### Your assignment:
With the images removed, transcribe the listing that follows exactly.

### Supplied material:
-- -- --
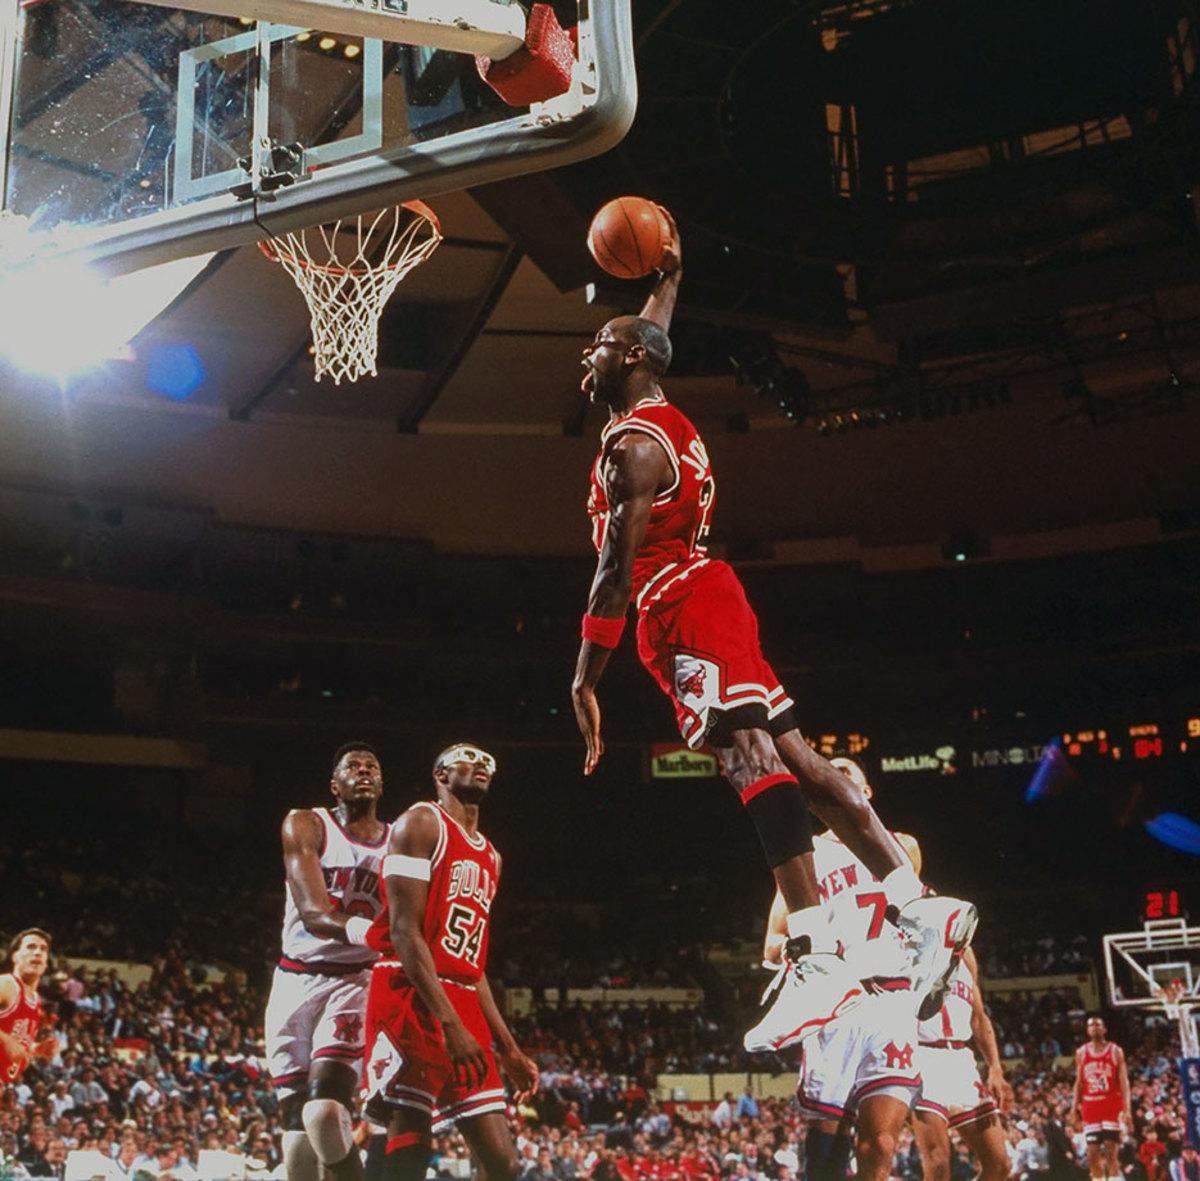 1991-0404-Michael-Jordan-05105039.jpg
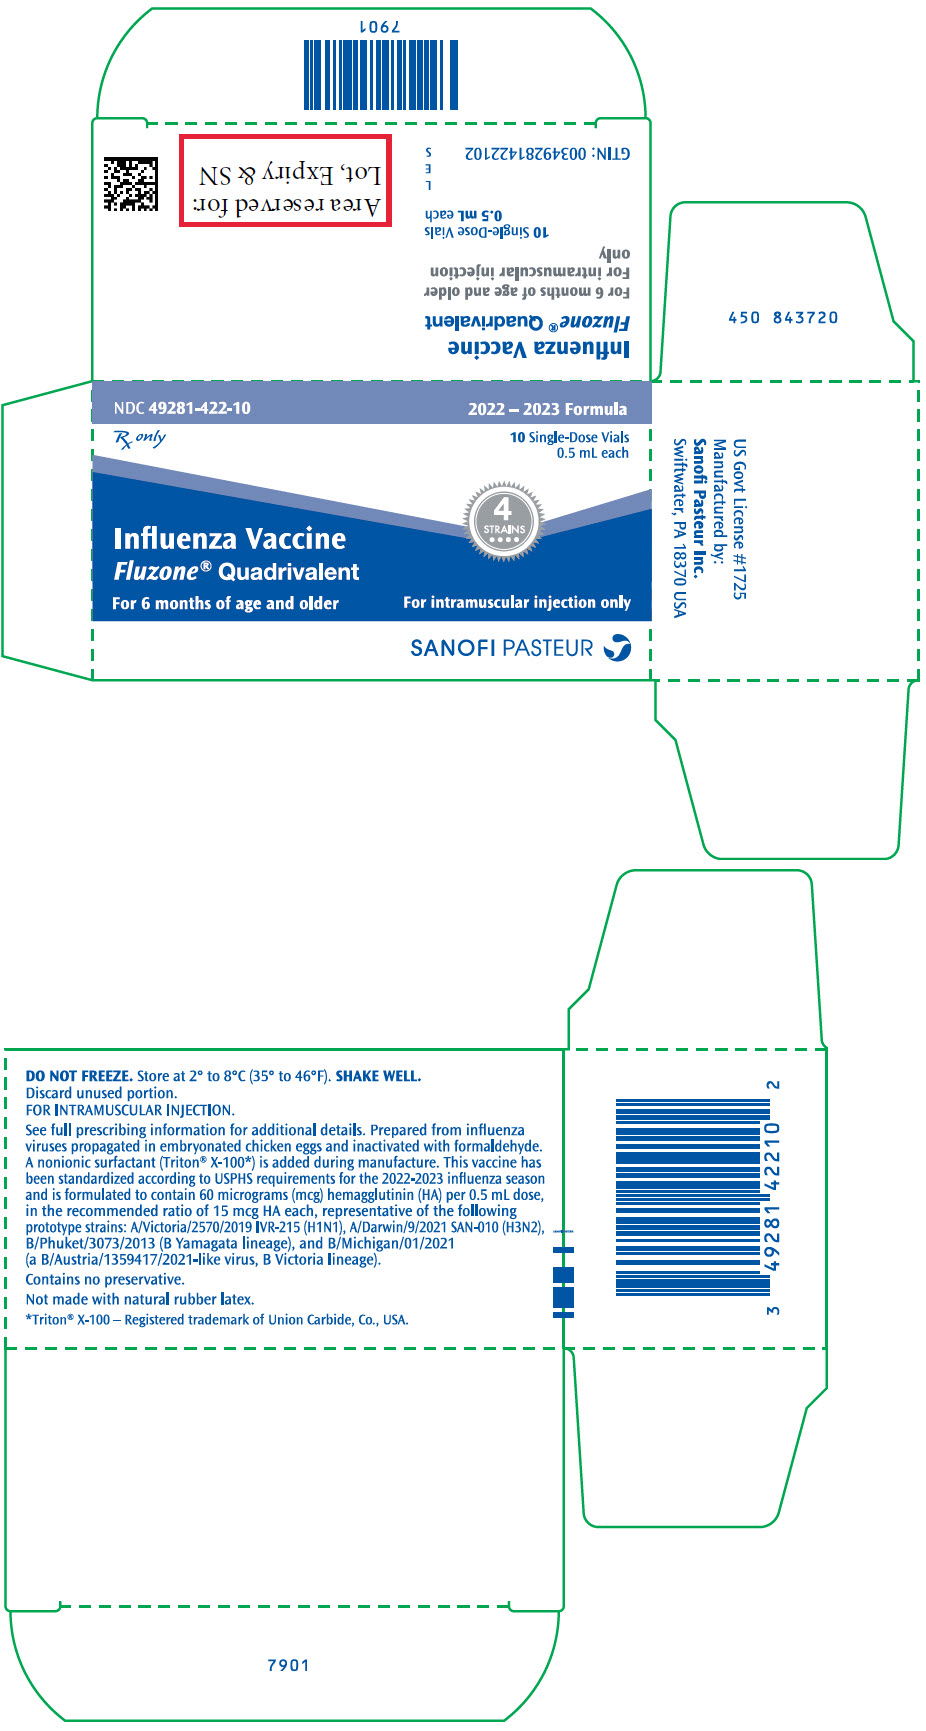 RX ITEM-FLUZONE QUAD SF 10X0.5ML 2019-20  By Sanofi Pasteur
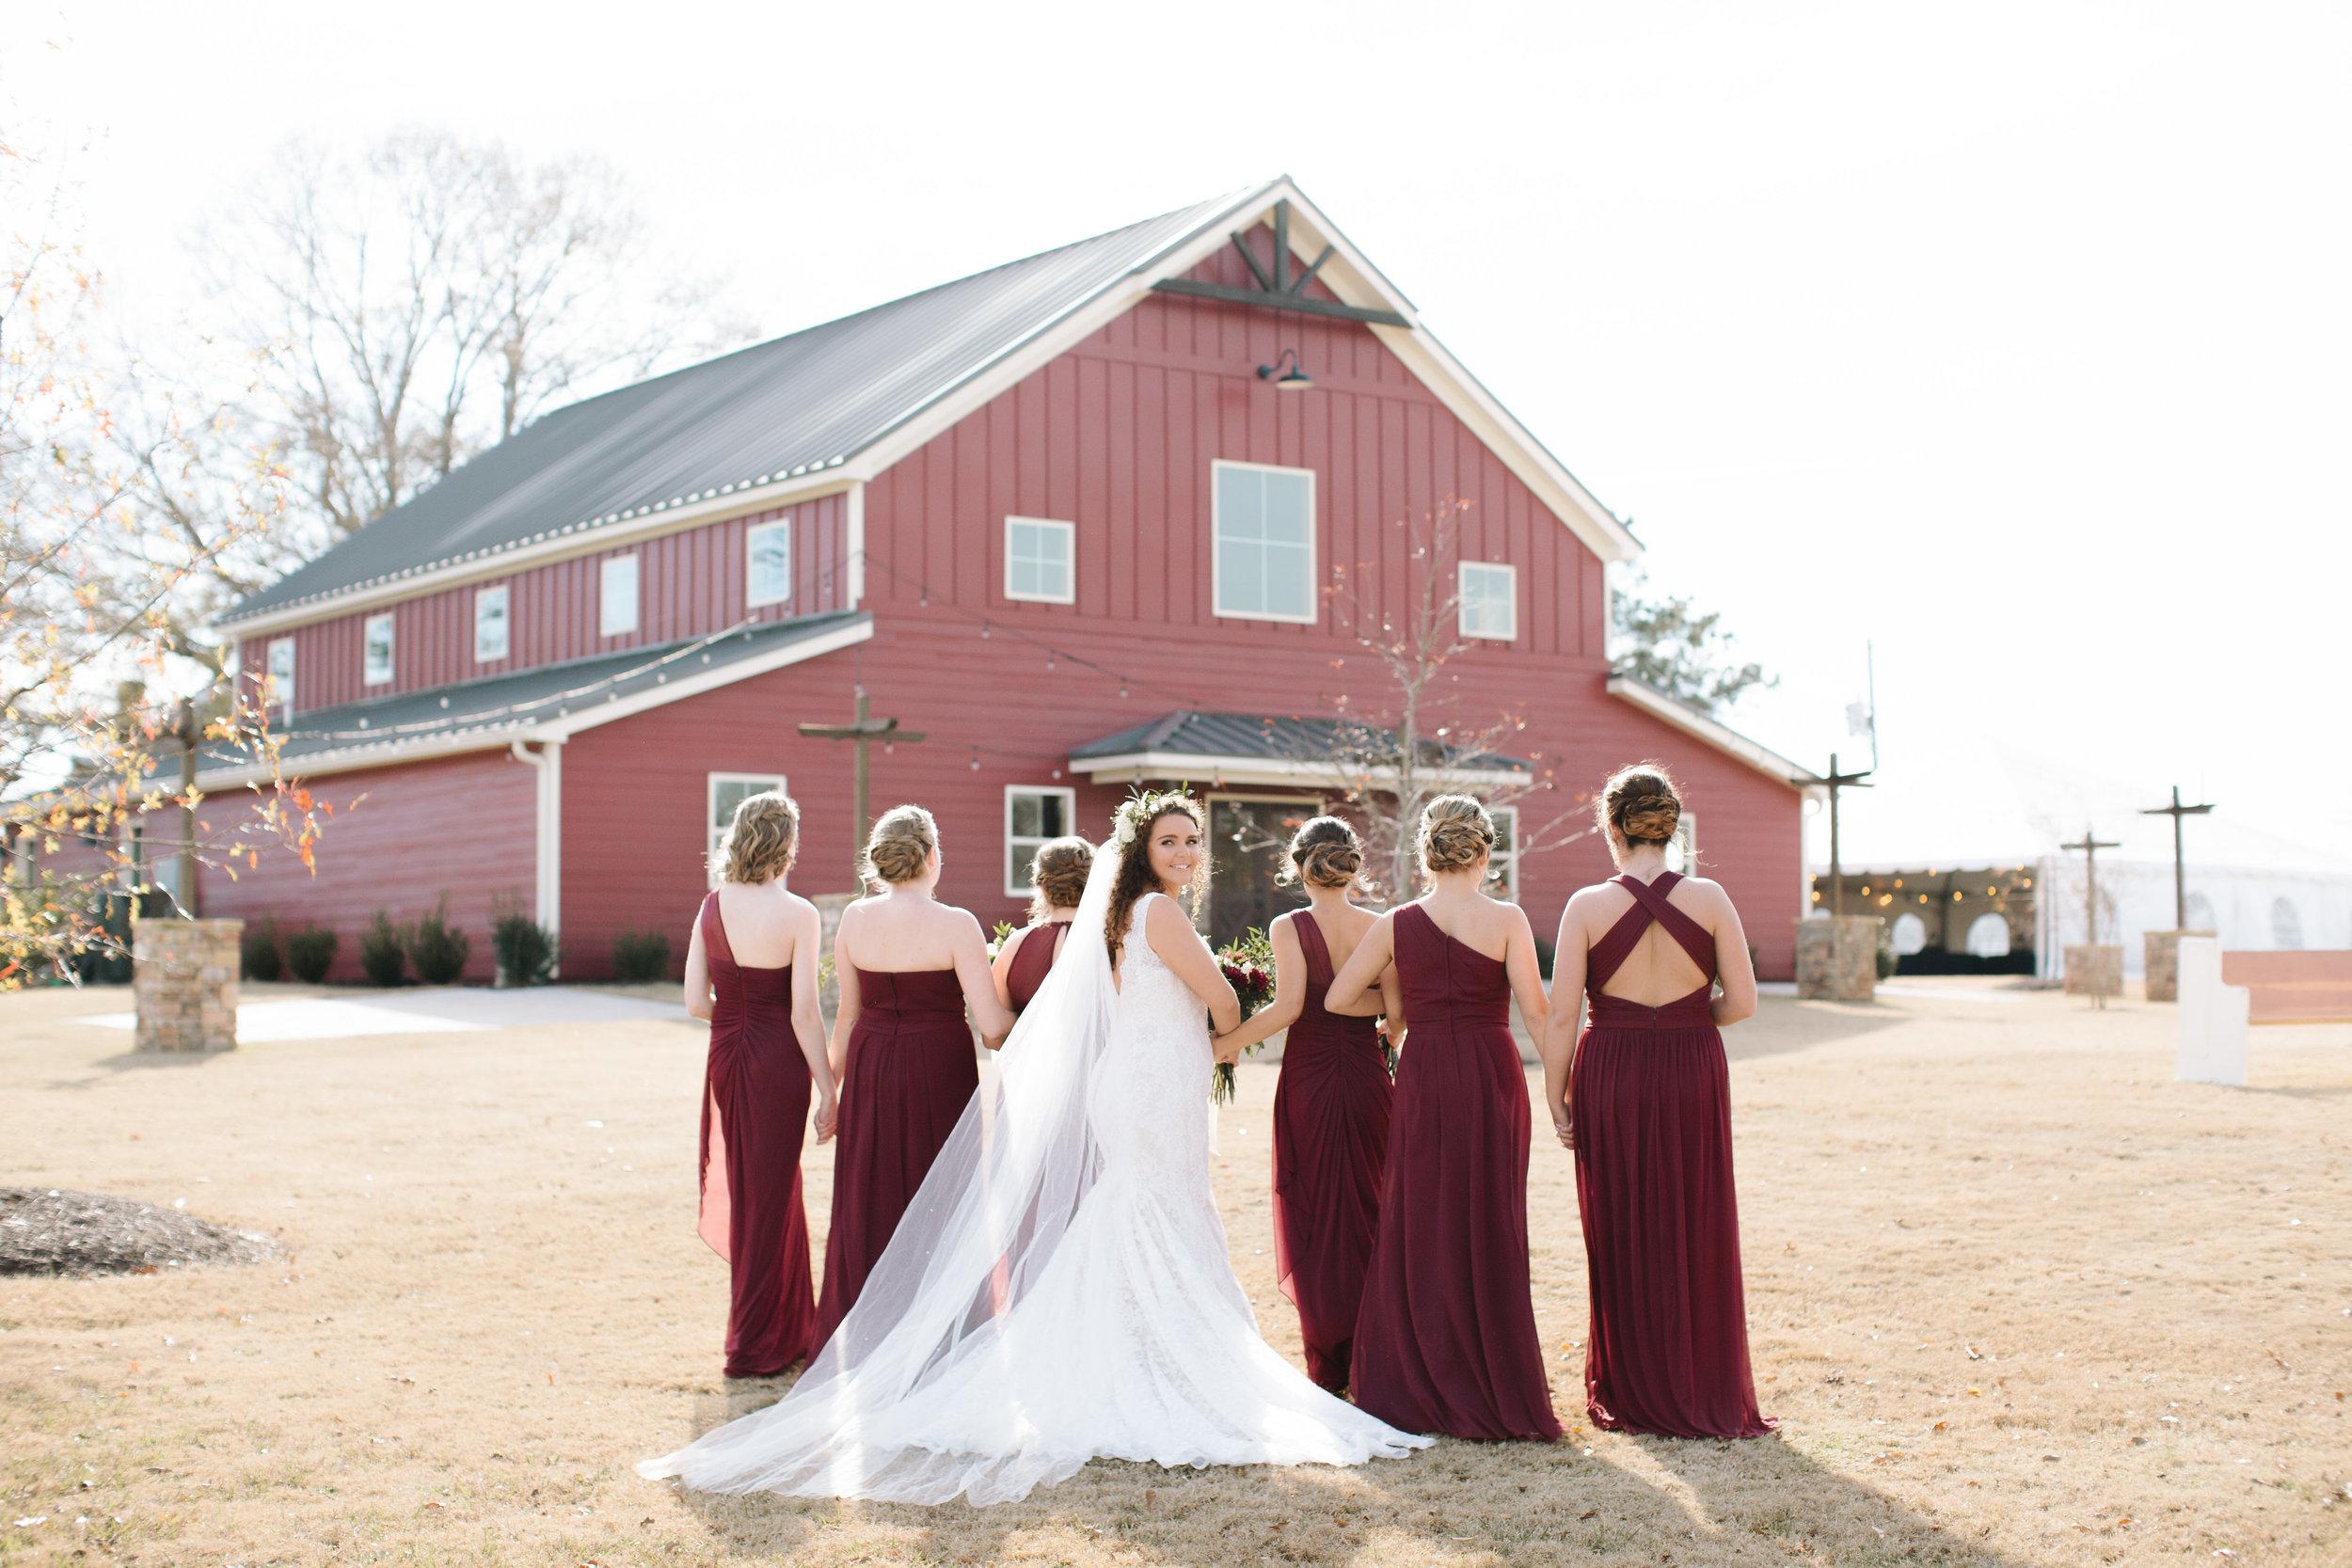 Photo by Megan Hobbs Photography. Wedding on December 16, 2017
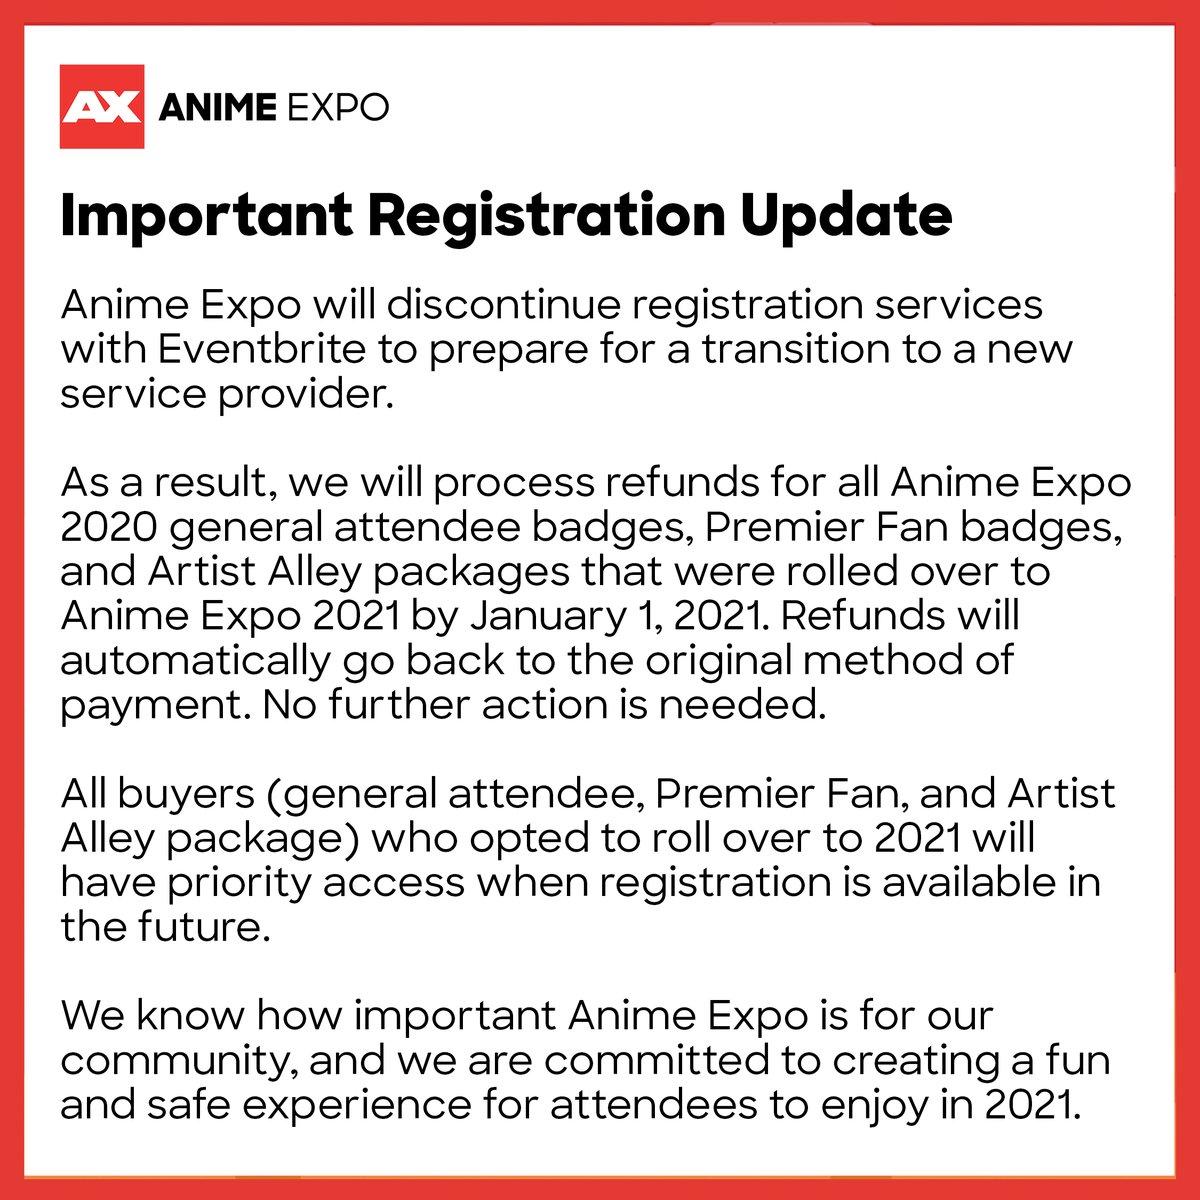 Important registration update  More info: https://t.co/MsaS4GjqmR https://t.co/tHfpWH5ZO6
-- -- --
### Solution for this task:
 1991-0404-Michael-Jordan-05105039.jpg
 RX ITEM-FLUZONE QUAD SF 10X0.5ML 2019-20  By Sanofi Pasteur
 Photo by Megan Hobbs Photography. Wedding on December 16, 2017
 Important registration update  More info: https://t.co/MsaS4GjqmR https://t.co/tHfpWH5ZO6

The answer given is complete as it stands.